Painting Well


“Rag and bone shop” table surface in my studio

The New York Times Book Review last week had a simple headline: “Why Criticism Matters”. The editors set the stage by describing our current age as one where opinions are “offered instantly, effusively and in increasingly strident tones”—by anyone, anytime. So in that context it is reasonable to ask where the serious critic now sits in the cultural flow. “Where does it leave the critic interested in larger implications — aesthetic, cultural, moral?” Six critics were asked to explain what they do and why it matters, with Afred Kazin’s view of criticism as a tether point:

The critic, Kazin wrote, “is a thinker, and it is the force . . . of his thinking that gets him to say those things that the artist himself may value as an artist, the reader as a reader.” He “is not an artist,” Kazin asserted, “except incidentally.” Yet the critics Kazin commends all wrote in a high and even virtuosic style.

I found the essays remarkably varied, some more successful than others.
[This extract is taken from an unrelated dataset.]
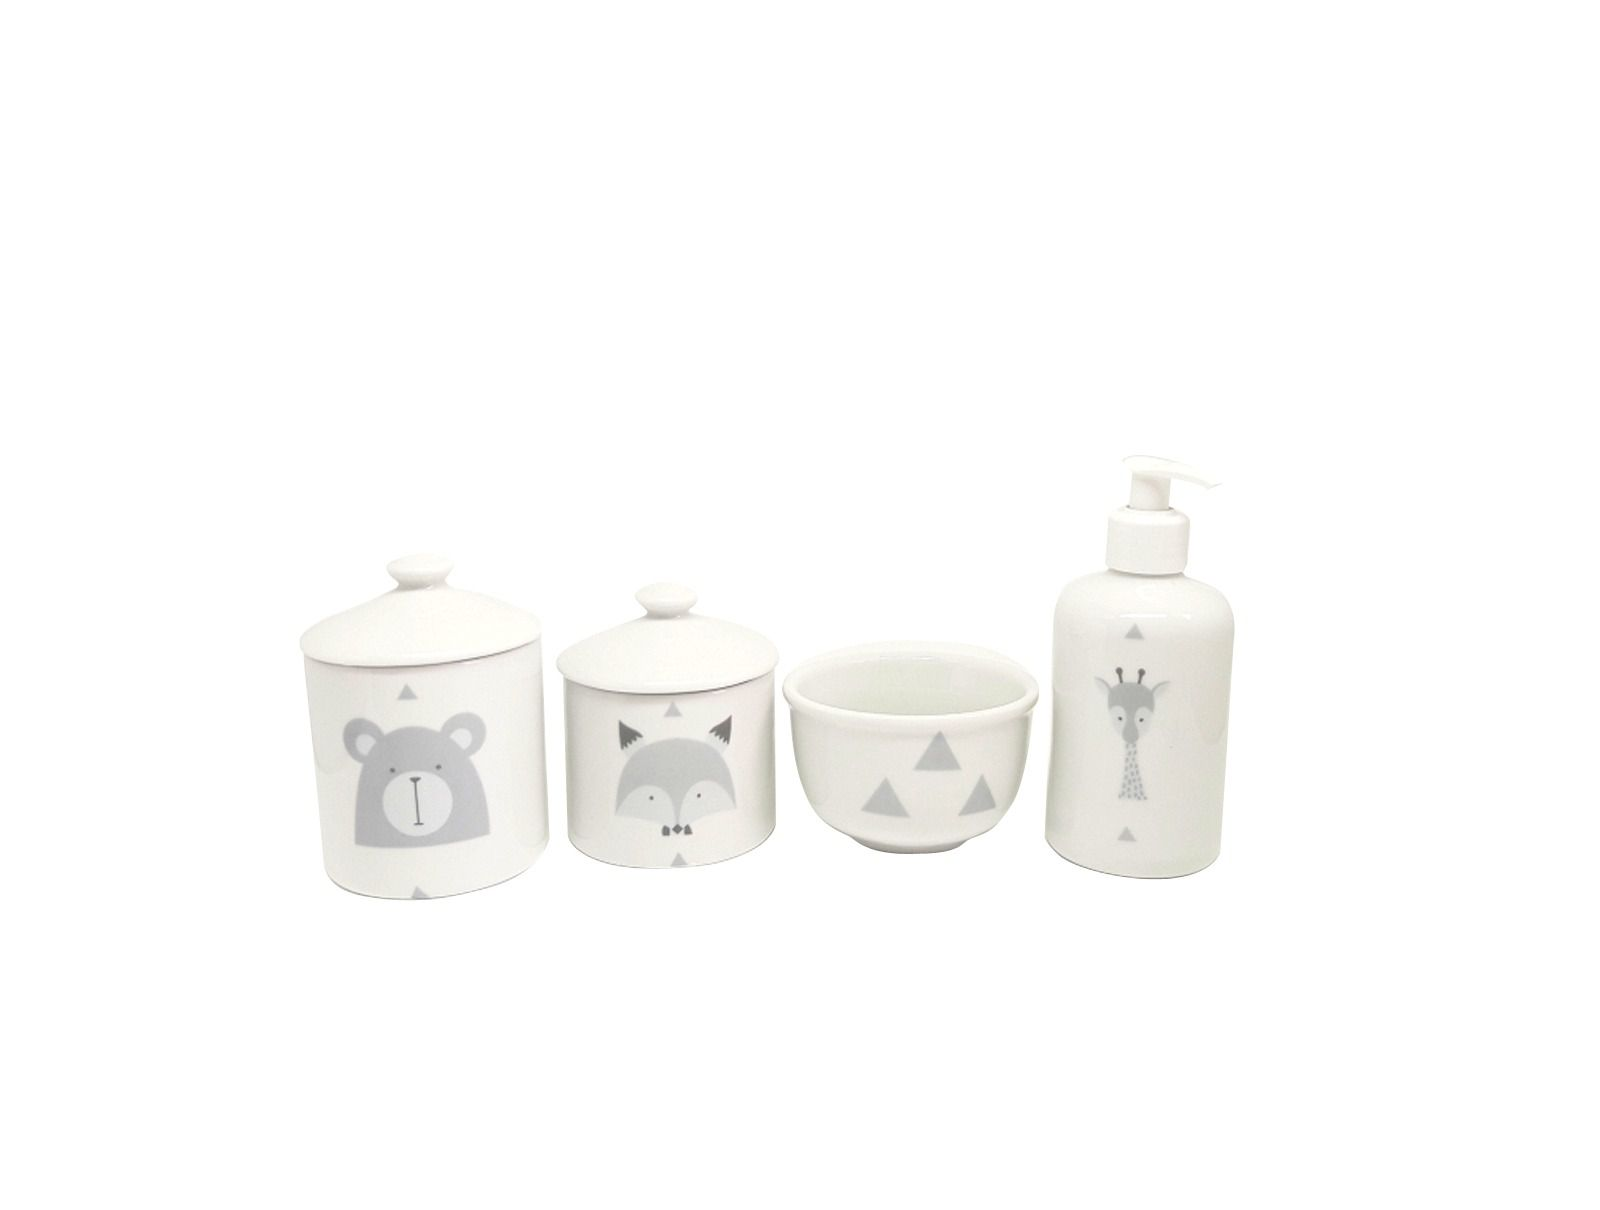 Kit Higiene Bebê Porcelana Escandinavo |Urso e Raposa & Girafa| 4 peças

My favorite was by critic/poet Adam Kirsch. Here’s a passage worth remembering from his essay:


If you are primarily interested in writing, then you do not need a definite or immediate sense of your audience: you write for an ideal reader, for yourself, for God, or for a combination of the three…Like everyone, I wonder whether a general audience, made up of what Virginia Woolf called “common readers,” still exists. If it does, the readership of The New York Times Book Review is probably it. But measured against the audience for a new movie or video game, or against the population as a whole, even the Book Review reaches only a niche audience. Perhaps the only difference between our situation and Arnold’s is that in Victorian England, the niche that cared about literature also happened to constitute the ruling class, while in democratic, mass-media America, the two barely overlap.

What this displacement takes from the critic in terms of confidence and authority, it perhaps restores to him in terms of integrity and freedom. Or maybe it’s just that, as a poet, I am all too used to making excuses for the marginality of a kind of writing that I continue to feel is important. Whether I am writing verse or prose, I try to believe that what matters is not exercising influence or force, but writing well — that is, truthfully and beautifully; and that maybe, if you seek truth and beauty, all the rest will be added unto you.
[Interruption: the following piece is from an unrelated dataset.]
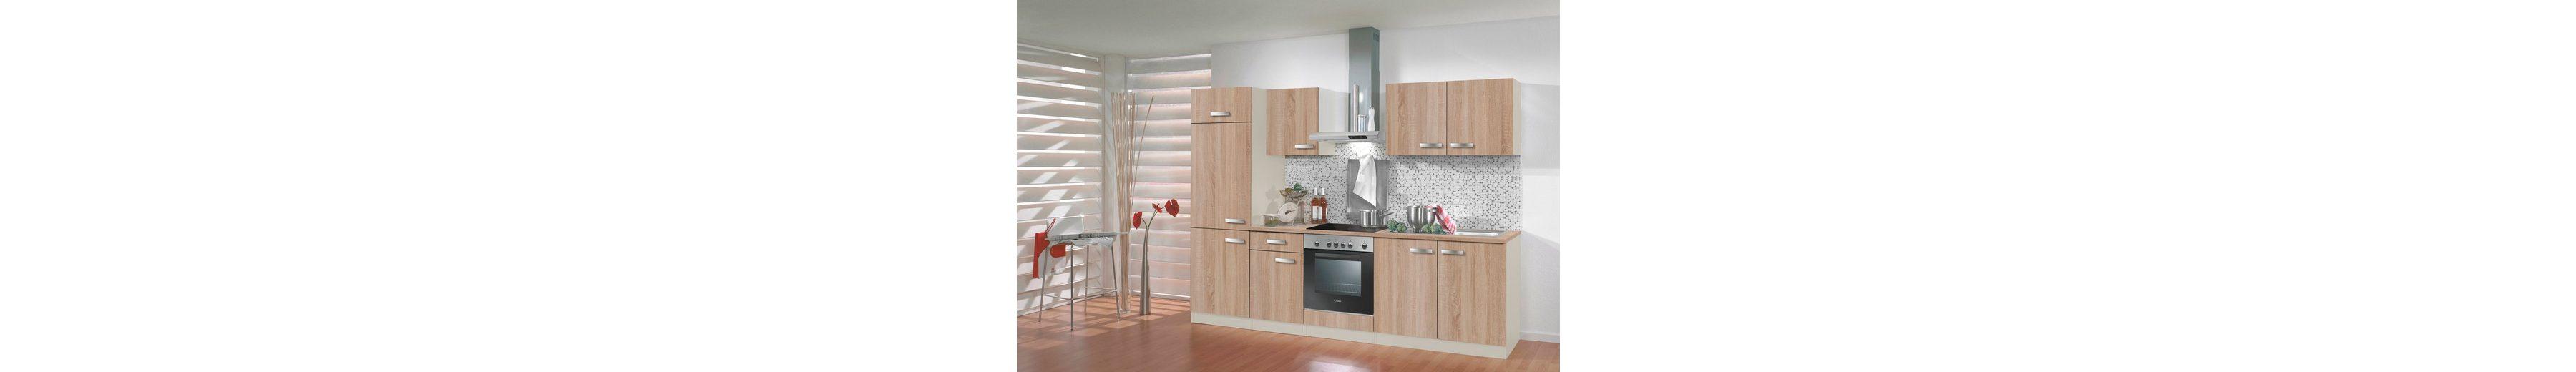 Küchenzeile ohne E-Geräte »Padua«, Breite 270 cm

A similar statement could be made about painting, about the visual arts that actually produce that rarefied, old school thing called an artifact. I resonate with Kirsch’s point of view, paraphrased for those of us who are visual art makers:

What matters is not exercising influence or force, but painting well—that is, truthfully and beautifully; and that maybe, if you seek truth and beauty, all the rest will be added unto you.

One Reply to “Painting Well”

  1. It’s that last sentence of Kirsch’s that that I remember so well from reading last week’s paper. To write a sentence so well that anyone reading it would want to return to it time and again… I agree; if you can do that, everything else falls into place.

    Thank you for visiting WWP earlier today. I appreciate the comment you left.